What is being asked:
The data below should be restated word for word, pictures omitted.

(Beginning of Data)

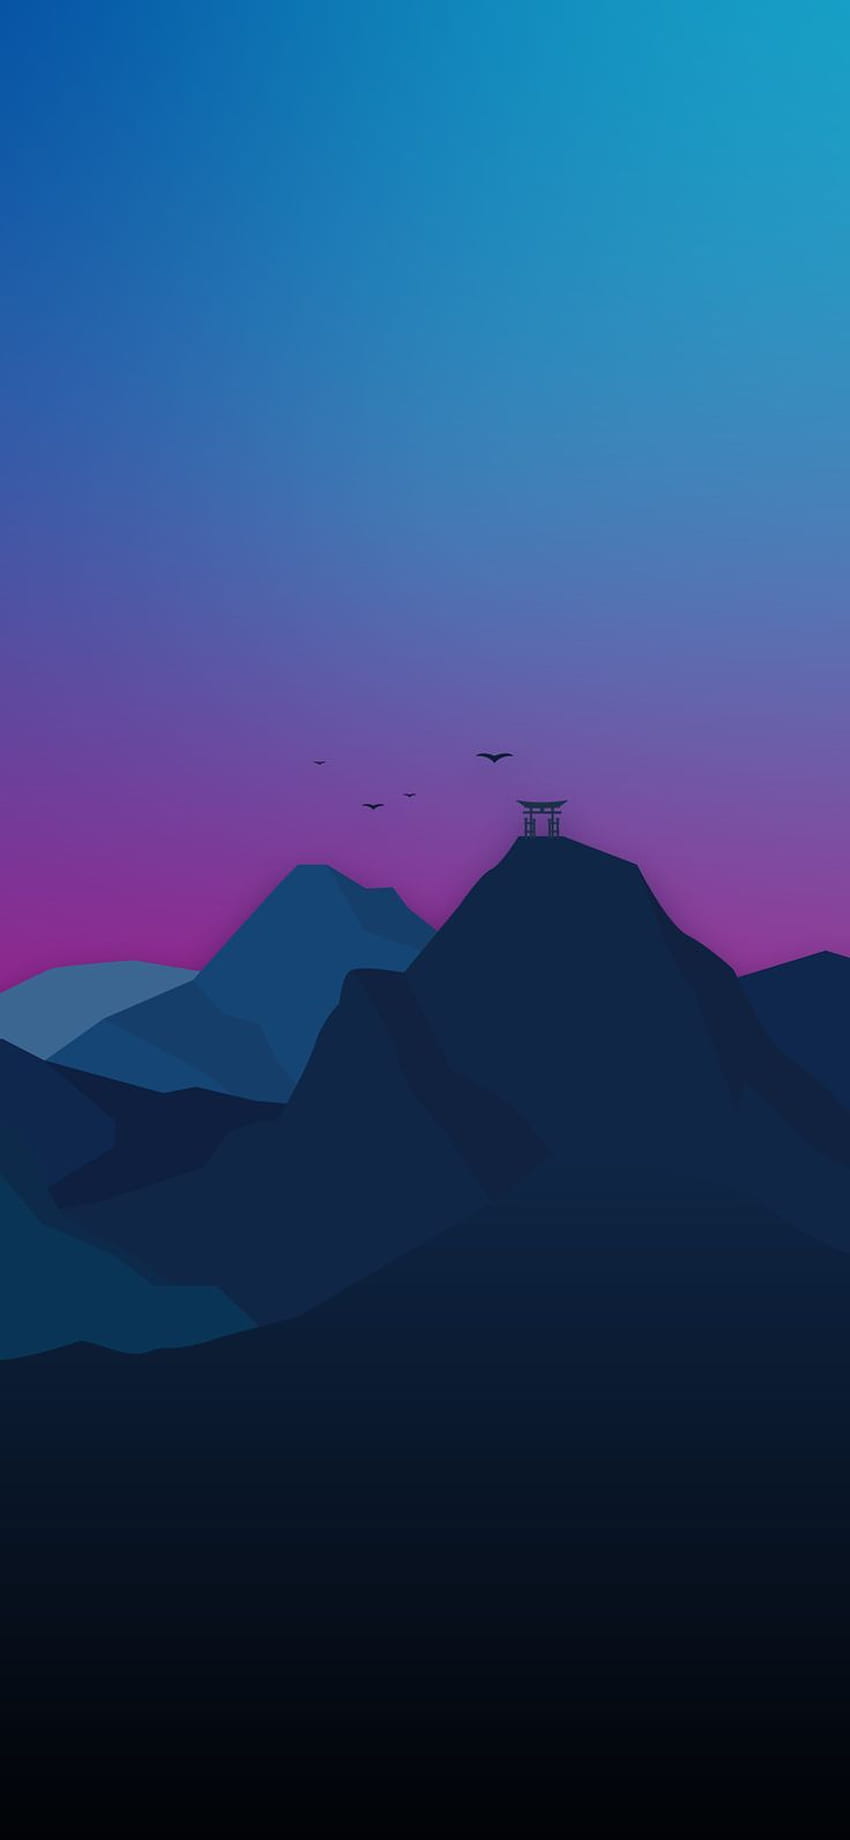 Tải xuống APK Minimalist Wallpapers cho Android
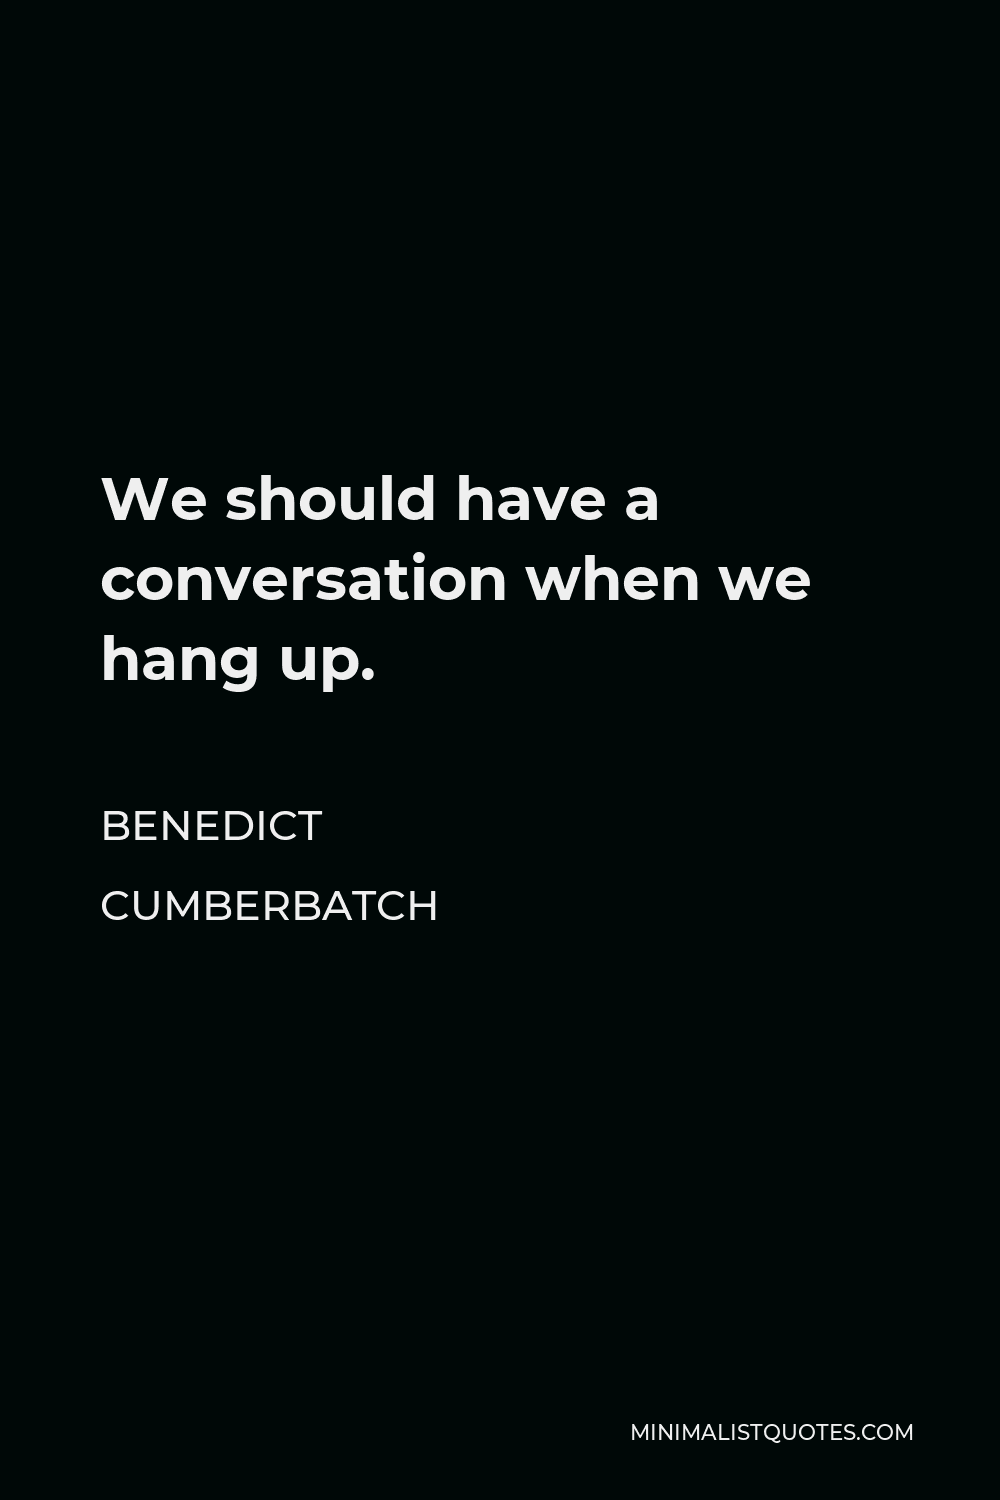 Benedict Cumberbatch Quote - We should have a conversation when we hang up.
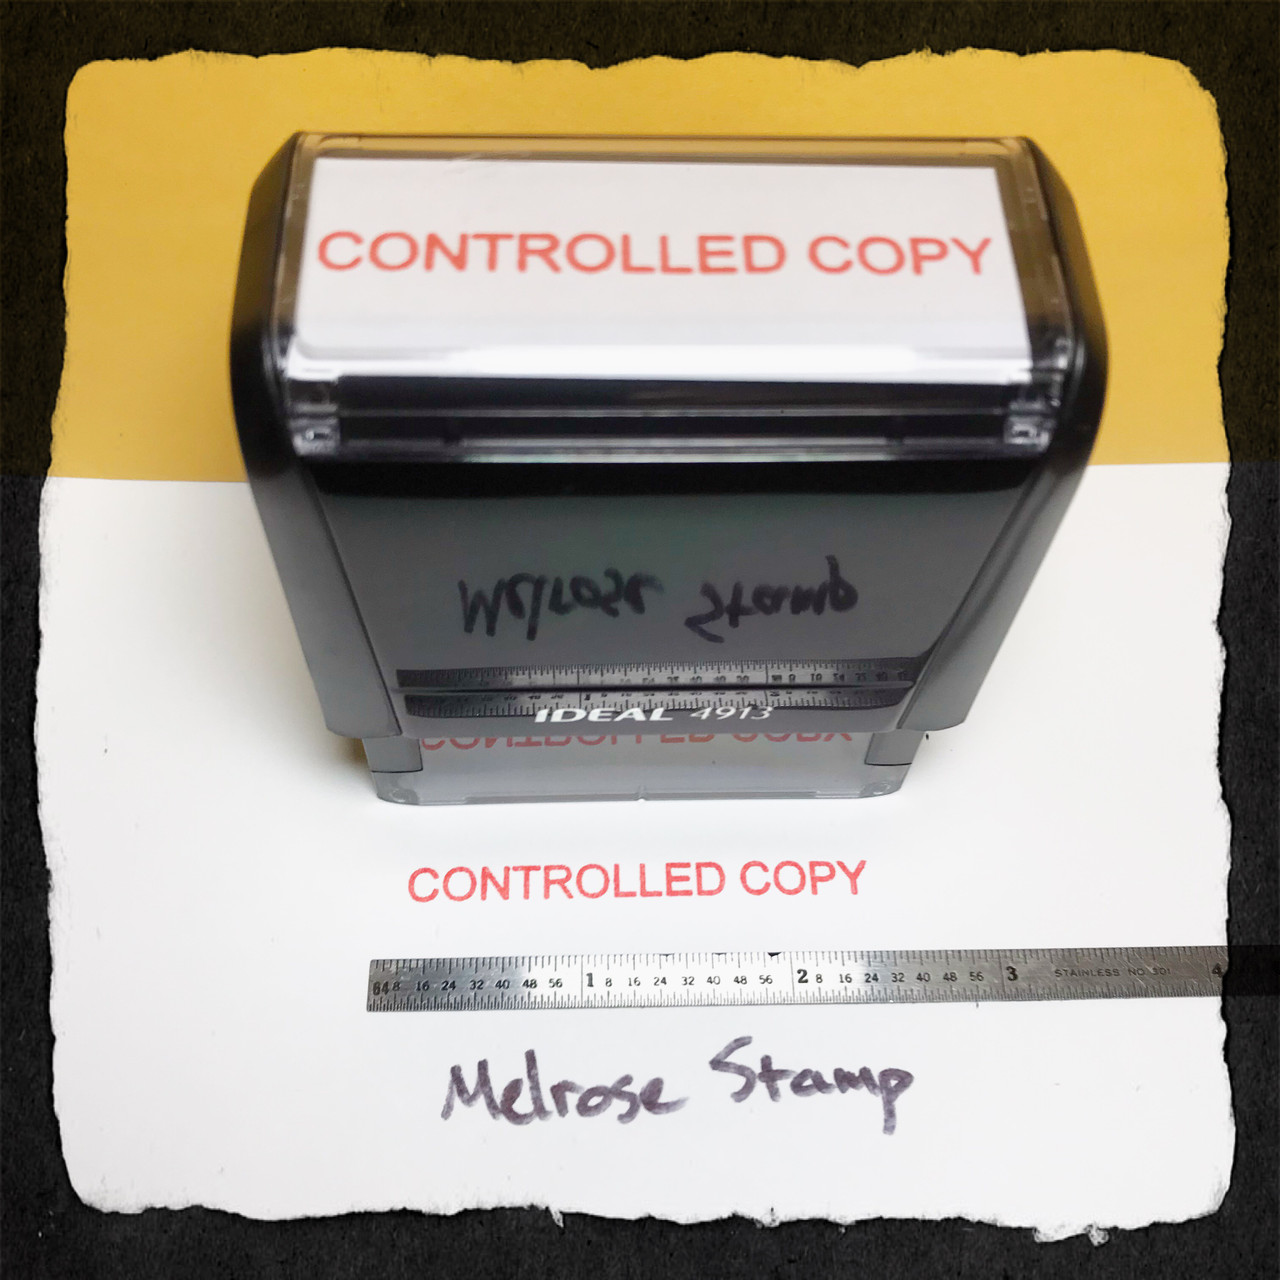 Controlled Copy Rubber Stamp For Office Use Self Inking Melrose Stamp

(End of Data)

Solution to the problem:
 Tải xuống APK Minimalist Wallpapers cho Android
 Benedict Cumberbatch Quote - We should have a conversation when we hang up.
 Controlled Copy Rubber Stamp For Office Use Self Inking Melrose Stamp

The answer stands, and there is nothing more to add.